Цицерон необыкновенно привязался к своему учителю. «Пока я мог, я уже никогда ни на шаг не отходил от этого старика» (Amic., 1). Ежедневно он приходил в полукруглую комнату, экседру, где Сцевола любил принимать своих друзей. Так вот, этот Сцевола был тестем Красса Оратора. Тесть по римским понятиям второй отец, и Красс всю жизнь любил и уважал старого юриста как отца, а тот в свою очередь обожал его и гордился им как сыном. Кроме того, выяснилось, что отец и дядя Цицерона тоже неплохо знакомы с Крассом. И вот в один прекрасный день юноша с трепетом душевным переступил порог своего кумира.

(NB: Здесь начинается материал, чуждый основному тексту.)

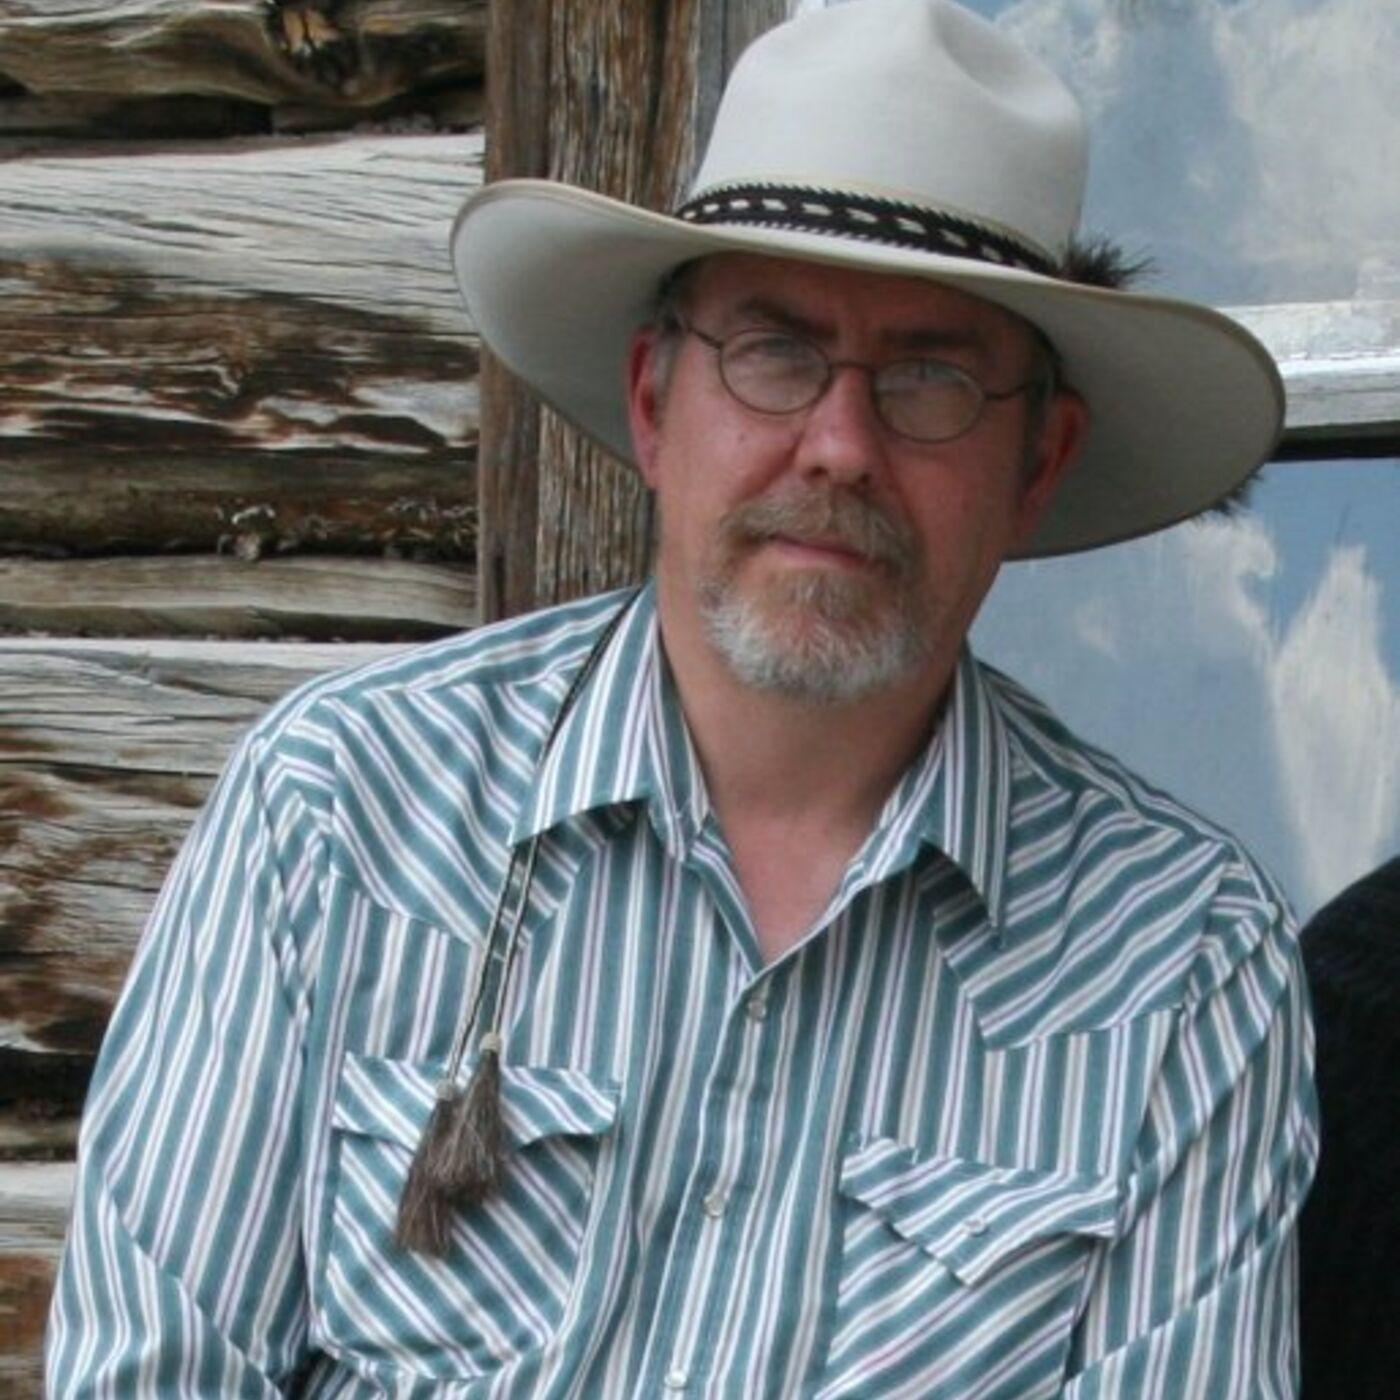 Meet Cowboy Recording Artist Joe Walus
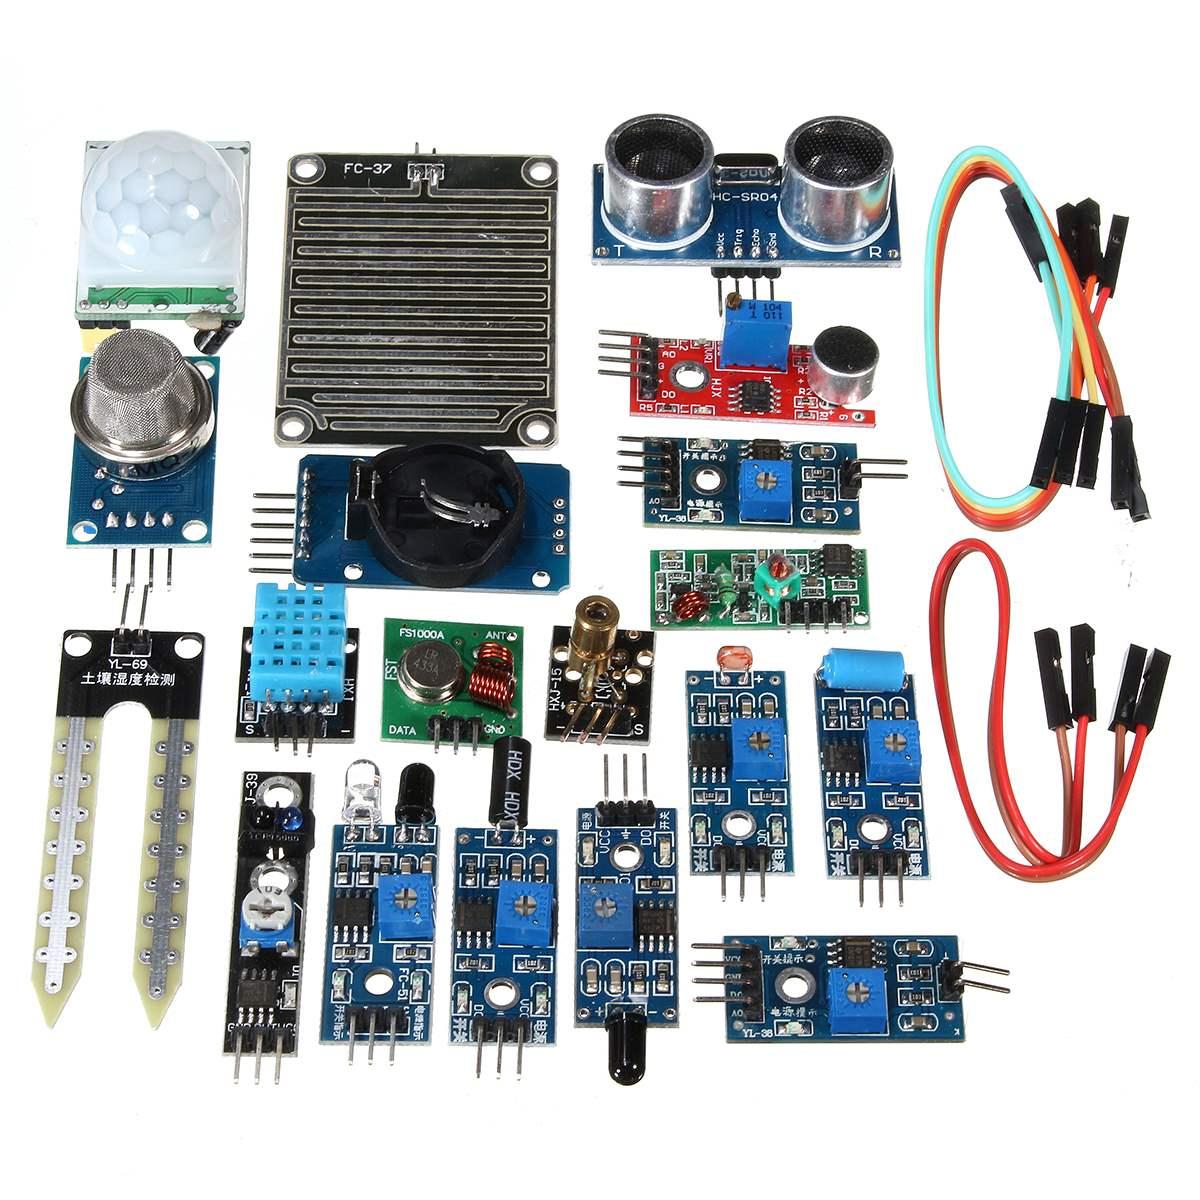 New Arrival 16PCS/Set For Raspberry Pi 3 2 Zero W Sensor Kit Module Kits Ultrasonic Photoresisto for Home Automation

Этот великий человек держался удивительно просто и ласково. Цицерону всегда претили в людях суровость, мрачность и высокомерие. Более всего он ценил доброту, мягкость, остроумие и просвещение. «Трудно даже выразить, до какой степени ласковость и обходительность речи привлекает к себе сердца», — говорил он (De off., II, 48). Эти свойства он называл humanitas — человечностью. Эту-то человечность он нашел в Крассе. А как он был тактичен и деликатен! Цицерон вспоминает, как, устав от шума столицы, Красс на несколько дней уехал в свое Тускуланское имение. С собой он увез Сцеволу — отдохнуть и развеяться. На виллу приехал Антоний, тот самый великий оратор, который напоминал Цицерону полководца. Он был близкий друг Красса. Собралась и молодежь. Но все были мрачны, угрюмы и совершенно убиты последними политическими событиями в Риме. Ни приятной беседы, ни отдыха не получалось. Сам Красс был расстроен не меньше других, но он вспомнил свой долг хозяина и «повел себя так легко и сердечно», «был так весел и остроумен в шутках», что мрачное настроение гостей исчезло совершенно. Так что «день у них вышел как будто сенатский, а обед — тускуланский» (Сiс. De or., 1, 26–27),
Красс был человек вполне светский с самыми изящными манерами. Но свой острый ум он скрывал под внешностью, полной какого-то грациозного и очаровательного легкомыслия. Дурачество с муреной было вполне в его духе. Он любил тонкую роскошь и красивые безделушки (Plin. N.H., XVII, I, 1; Vai Max., IX, 1, 4), Спорт его не увлекал. Тщетно его приятель, обожавший игру в мяч, пытался затащить его на Марсово поле. Красс всегда с серьезным видом уверял, что у него нет никаких способностей, чтобы научиться этой игре (Сiс. De or., III, 88). Вставал он поздно. Его гости уже спускались в сад, а хозяин еще нежился в постели. Один человек, вспоминает Цицерон, спросил Красса, не побеспокоит ли он его, если зайдет к нему еще до рассвета.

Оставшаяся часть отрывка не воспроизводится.